Há Quinta

Aparição

«Sento-me aqui nesta sala vazia e relembro. Uma lua quente de Verão entra pela varanda, ilumina uma jarra de flores sobre a mesa. Olho essa jarra, e escuto o indício de um rumor de vida, o sinal obscuro de uma memória de origens. No chão da velha casa a água da lua fascina-me. Tento, há quantos anos, vencer a dureza dos dias, das ideias solidificadas, a espessura dos hábitos, que me constrange e tranquiliza. Tento descobrir a face última das coisas e ler aí a minha verdade perfeita Mas tudo esquece tão cedo, tudo é tão cedo inacessível. Nesta casa enorme e deserta, nesta noite ofegante, neste silêncio de estalactites, a lua sabe a minha voz primordial.» FERREIRA, Vergílio - Aparição. Bertrand , 2003. ISBN 972-25-0251-4

Luz


Certo dia, apareceu um humano diferente. Não era nenhum daqueles que nos vigiava. Começou a andar por entre nós, a pegar-nos, e gritou muito. Só pensei, é agora. É agora que tudo vai acabar e vou poder sonhar para sempre. Enfiei a cabeça dentro da asa e esperei. Não me preocupei quando o ruído aumentou, e me empurraram. Não tinha forças para me mexer. Fui espezinhada. Não me importei. Só queria que tudo acabasse. Nem uma patita sacudi quando me puxaram pelas asas. Vi os meus companheiros a serem metidos em gaiolas e essas gaiolas colocadas em camionetas. Fui colocada numa caixa, juntamente com outros que se encontravam tão mal quanto eu. Pensei que era o fim. Assim mesmo. Depois pensei, que se lixe. Quero lá saber. Quero sonhar, e voltei a colocar a cabeça na asa. Ouvi um barulho ensurdecedor, e senti uma vibração por baixo do local onde nos encontrávamos. Nunca pensei que o fim fosse assim. Pensei que fosse mais calmo.

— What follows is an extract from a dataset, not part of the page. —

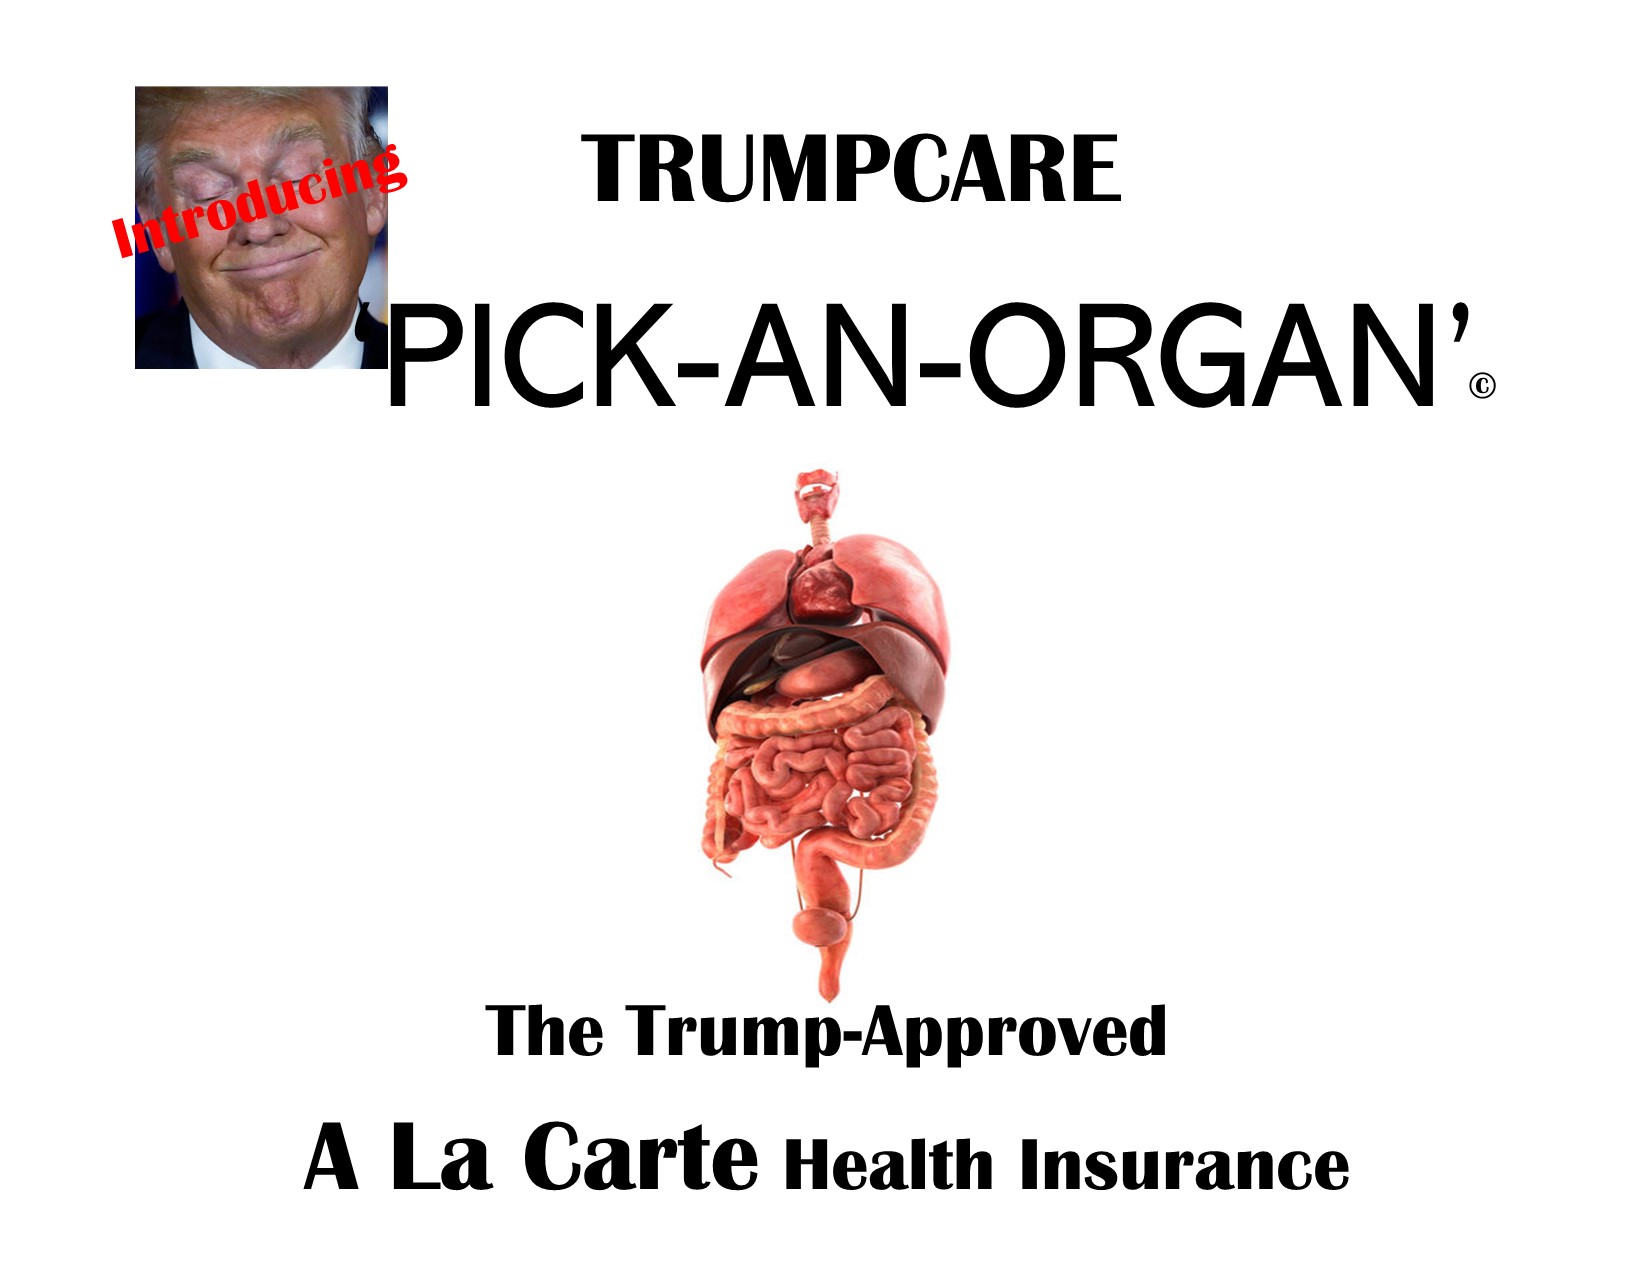 Breaking News: Having Experienced COVID-19 For Himself, Trump Reveals His New, Trump-Style Health Care Plan: It’s Called “TrumpCare PICK-AN-ORGAN”

De repente a escuridão saiu e a luz invadiu-nos. Voltaram a pegar-me nas asas. Entrei num local estranho. Fui colocada numa gaiola, juntamente com uma companheira. Não percebi muito bem como se passaram os dias e quantos. Sei que quando ali cheguei, não me mexia. Deram-me de comer, limparam-me. Fui ficando mais forte. Todos os dias algo mudava em mim. As penas começaram a crescer, as forças voltaram às pernas. Até algo parecido com um papo. A minha companheira também melhorava a olhos vistos. Era bastante mais velha que eu. Quando comecei a melhorar, dei por mim a preocupar-me com esta criatura. A sua recuperação foi mais lenta, devido à sua avançada idade. Fiz questão que ela fosse sempre a primeira a comer. Posso ter pouca experiência de vida, mas recordo aqueles que diziam que nalguns corredores, os mais velhos e os mais novos se alimentavam primeiro. Pareceu-me bem. Correcto. Quando começou a melhorar, começou também a contar um pouco da sua vida, uma vez que tinha tido uma antes do aviário. Chamava-se Pombinha.